Stored records
━━━━━━━━━━━━━━━━━━━━

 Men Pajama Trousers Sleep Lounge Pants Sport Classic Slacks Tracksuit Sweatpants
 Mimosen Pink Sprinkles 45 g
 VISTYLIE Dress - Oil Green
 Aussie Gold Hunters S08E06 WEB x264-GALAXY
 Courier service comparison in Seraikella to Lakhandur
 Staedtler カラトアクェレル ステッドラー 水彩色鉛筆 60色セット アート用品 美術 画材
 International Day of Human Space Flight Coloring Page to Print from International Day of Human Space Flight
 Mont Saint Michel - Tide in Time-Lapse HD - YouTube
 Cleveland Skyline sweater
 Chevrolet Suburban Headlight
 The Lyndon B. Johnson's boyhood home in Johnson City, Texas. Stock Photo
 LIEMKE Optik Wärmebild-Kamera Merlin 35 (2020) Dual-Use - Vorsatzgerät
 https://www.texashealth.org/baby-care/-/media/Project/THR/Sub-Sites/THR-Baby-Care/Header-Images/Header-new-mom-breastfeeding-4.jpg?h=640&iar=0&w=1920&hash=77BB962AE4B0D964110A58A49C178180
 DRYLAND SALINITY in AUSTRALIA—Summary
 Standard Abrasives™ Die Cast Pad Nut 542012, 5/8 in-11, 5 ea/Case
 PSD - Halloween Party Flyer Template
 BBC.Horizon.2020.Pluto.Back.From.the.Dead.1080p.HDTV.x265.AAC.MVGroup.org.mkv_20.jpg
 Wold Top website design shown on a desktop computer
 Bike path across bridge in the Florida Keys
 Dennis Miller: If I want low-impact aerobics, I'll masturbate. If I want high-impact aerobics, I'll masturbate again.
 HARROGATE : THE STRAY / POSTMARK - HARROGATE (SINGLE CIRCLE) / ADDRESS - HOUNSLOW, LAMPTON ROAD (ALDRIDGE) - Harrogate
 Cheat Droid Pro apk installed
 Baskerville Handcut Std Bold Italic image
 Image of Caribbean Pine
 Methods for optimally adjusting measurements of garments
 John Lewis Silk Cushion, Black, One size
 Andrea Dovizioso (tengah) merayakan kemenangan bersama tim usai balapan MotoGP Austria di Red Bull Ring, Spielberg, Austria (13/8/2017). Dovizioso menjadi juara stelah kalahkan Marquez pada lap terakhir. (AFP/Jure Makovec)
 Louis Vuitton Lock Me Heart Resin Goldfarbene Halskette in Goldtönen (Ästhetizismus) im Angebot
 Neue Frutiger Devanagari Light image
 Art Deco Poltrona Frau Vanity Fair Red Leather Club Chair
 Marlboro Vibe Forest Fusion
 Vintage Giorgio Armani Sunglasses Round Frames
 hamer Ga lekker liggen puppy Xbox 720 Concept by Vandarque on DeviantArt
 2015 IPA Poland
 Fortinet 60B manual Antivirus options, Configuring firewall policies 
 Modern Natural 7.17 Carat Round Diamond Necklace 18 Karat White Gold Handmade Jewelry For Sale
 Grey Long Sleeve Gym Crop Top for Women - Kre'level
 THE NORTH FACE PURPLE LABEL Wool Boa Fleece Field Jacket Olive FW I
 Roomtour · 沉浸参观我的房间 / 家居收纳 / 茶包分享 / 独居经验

━━━━━━━━━━━━━━━━━━━━

§ Problem details: Please go over the data above and copy each line with "Round" in it.

§ Solved problem:
 Vintage Giorgio Armani Sunglasses Round Frames
 Modern Natural 7.17 Carat Round Diamond Necklace 18 Karat White Gold Handmade Jewelry For Sale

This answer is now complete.